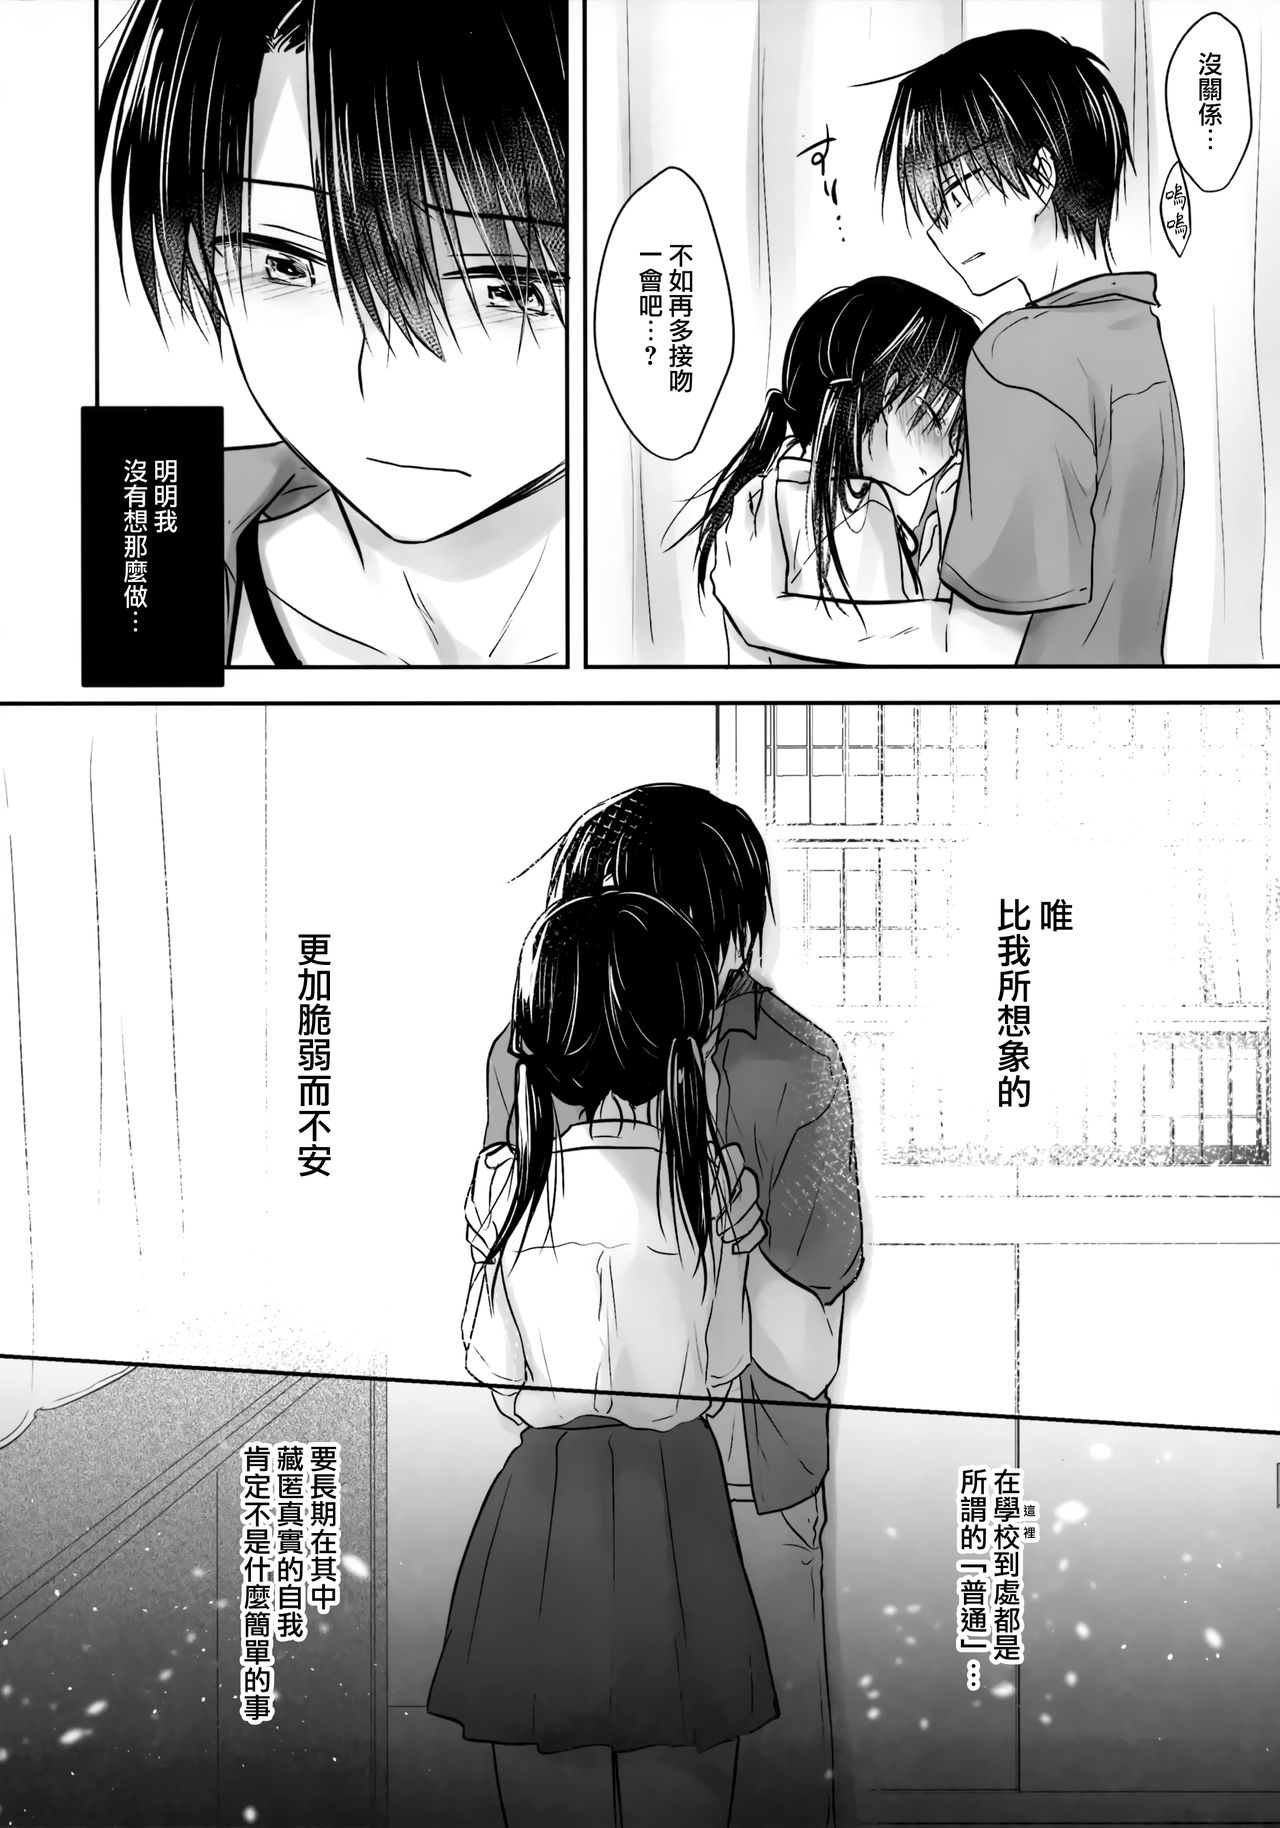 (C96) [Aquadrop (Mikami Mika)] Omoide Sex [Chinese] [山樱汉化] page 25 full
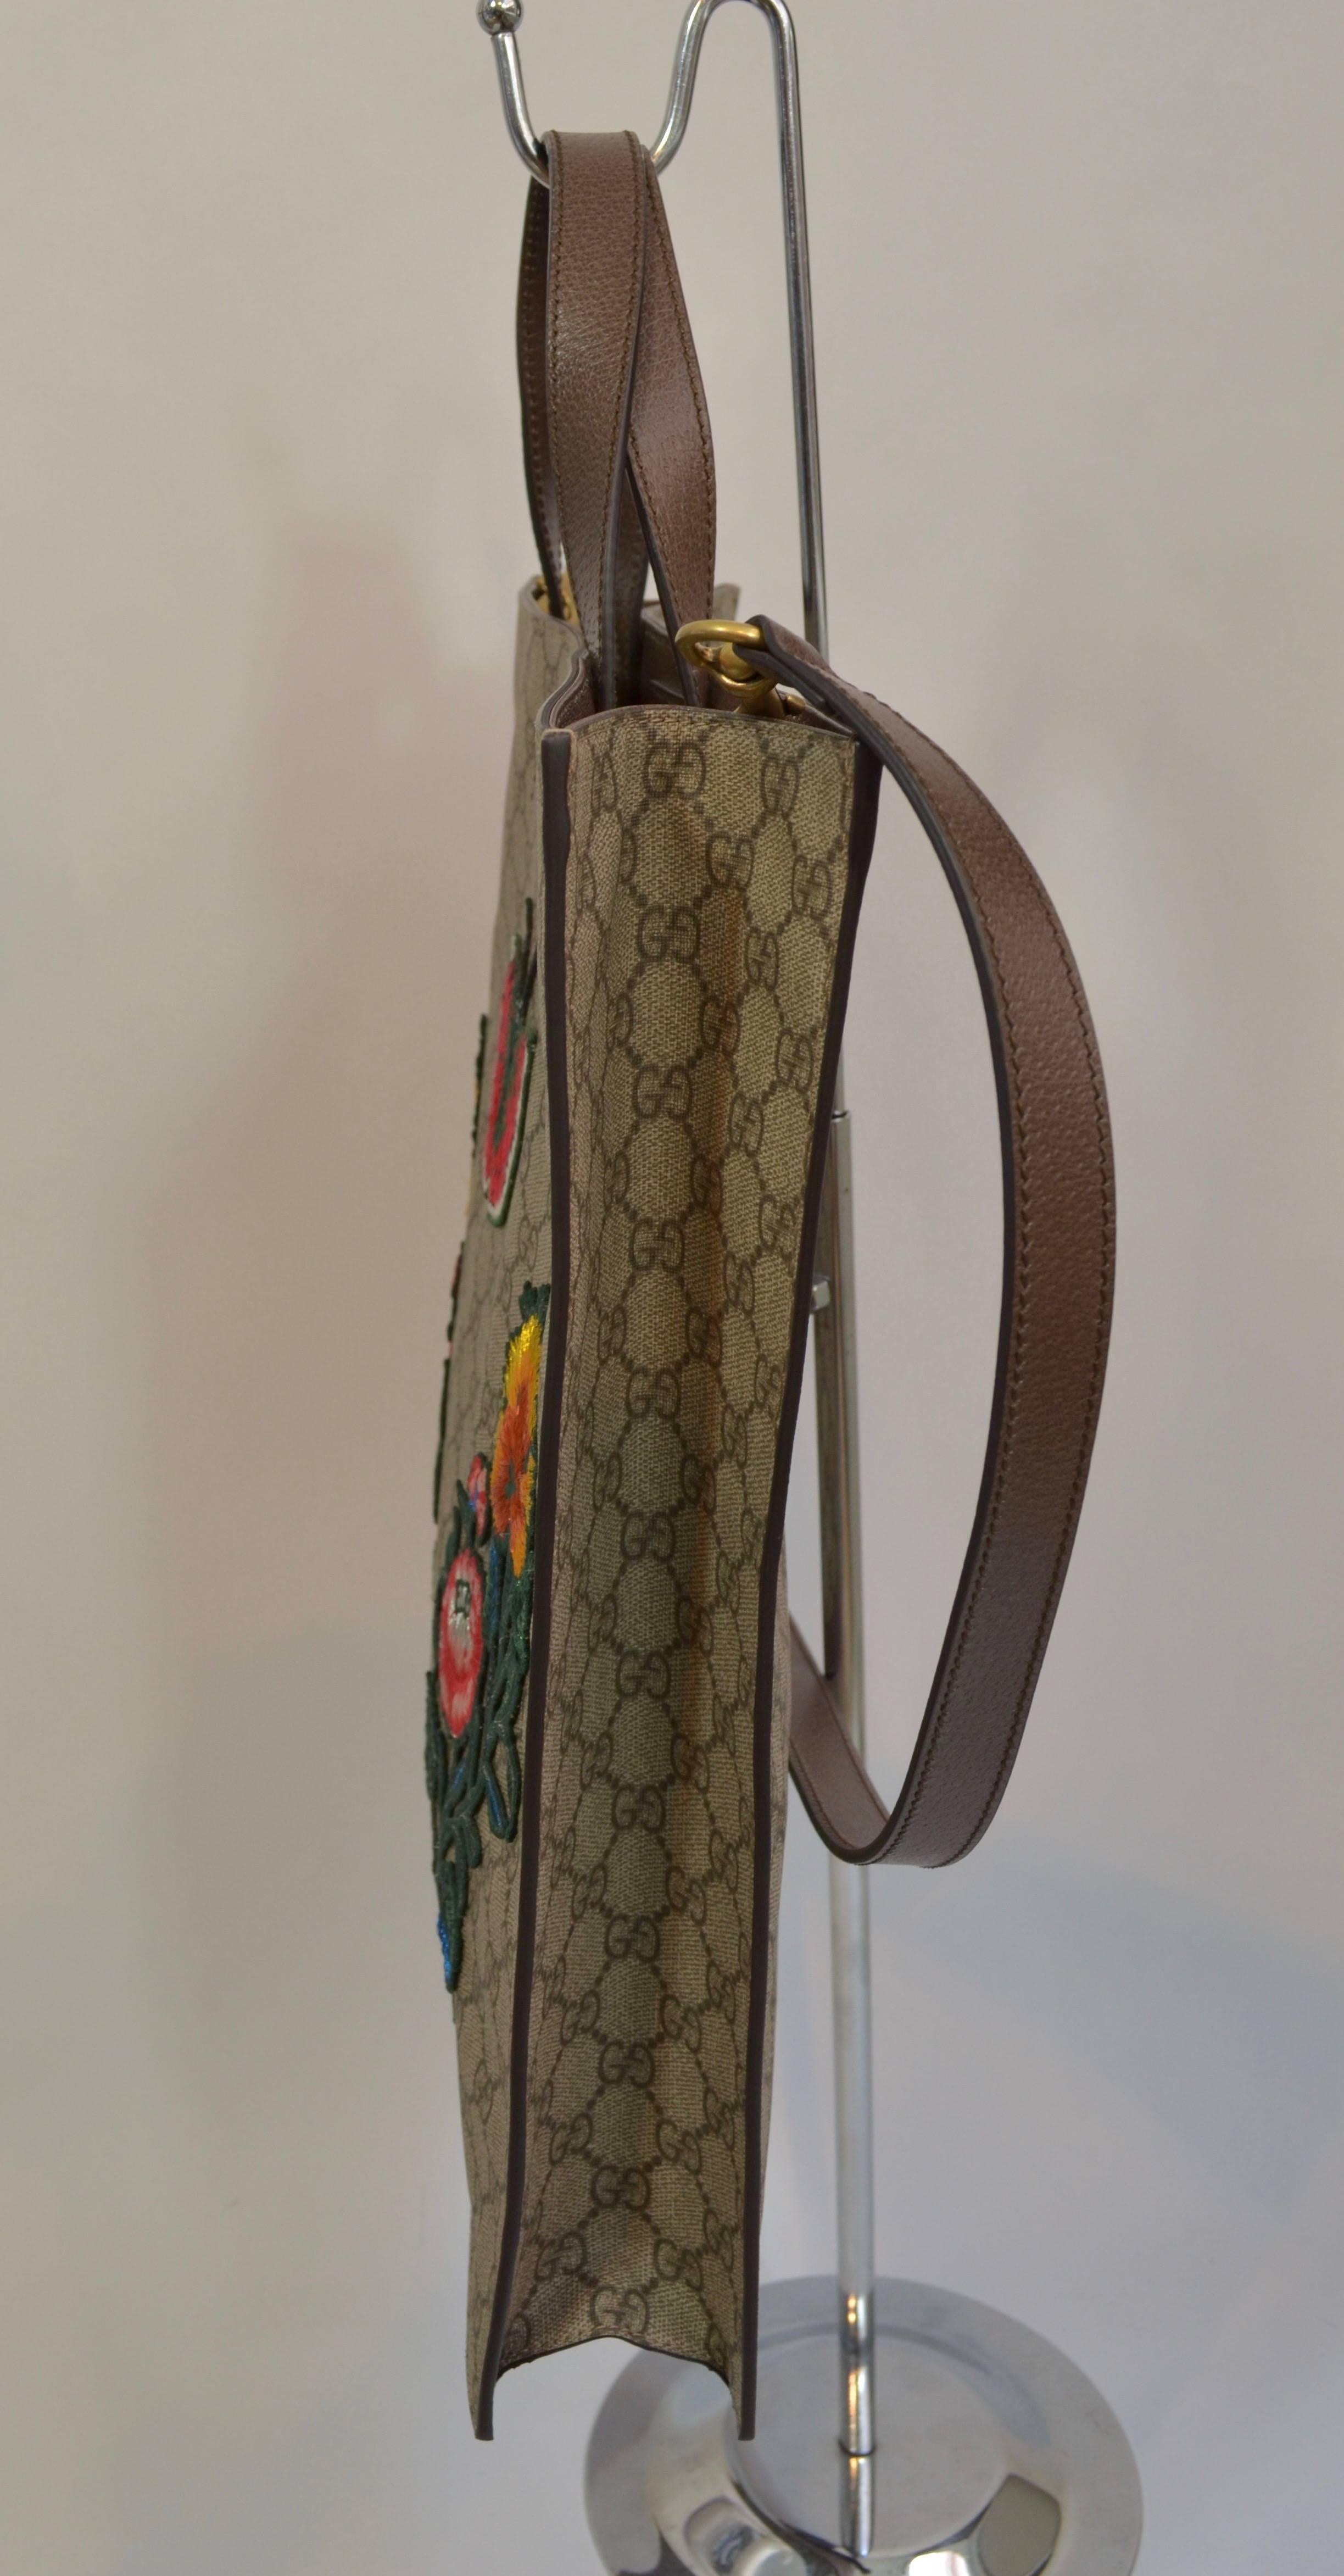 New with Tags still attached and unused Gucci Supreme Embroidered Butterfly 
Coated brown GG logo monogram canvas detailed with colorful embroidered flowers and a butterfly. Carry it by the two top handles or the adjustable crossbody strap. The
____________
What is needed: An exact copy of the listing above, minus its pictures, is what is needed here.

Solution to the problem:
 (C96) [Aquadrop (Mikami Mika)] Omoide Sex [Chinese] [山樱汉化] page 25 full
 New with Tags still attached and unused Gucci Supreme Embroidered Butterfly 
Coated brown GG logo monogram canvas detailed with colorful embroidered flowers and a butterfly. Carry it by the two top handles or the adjustable crossbody strap. The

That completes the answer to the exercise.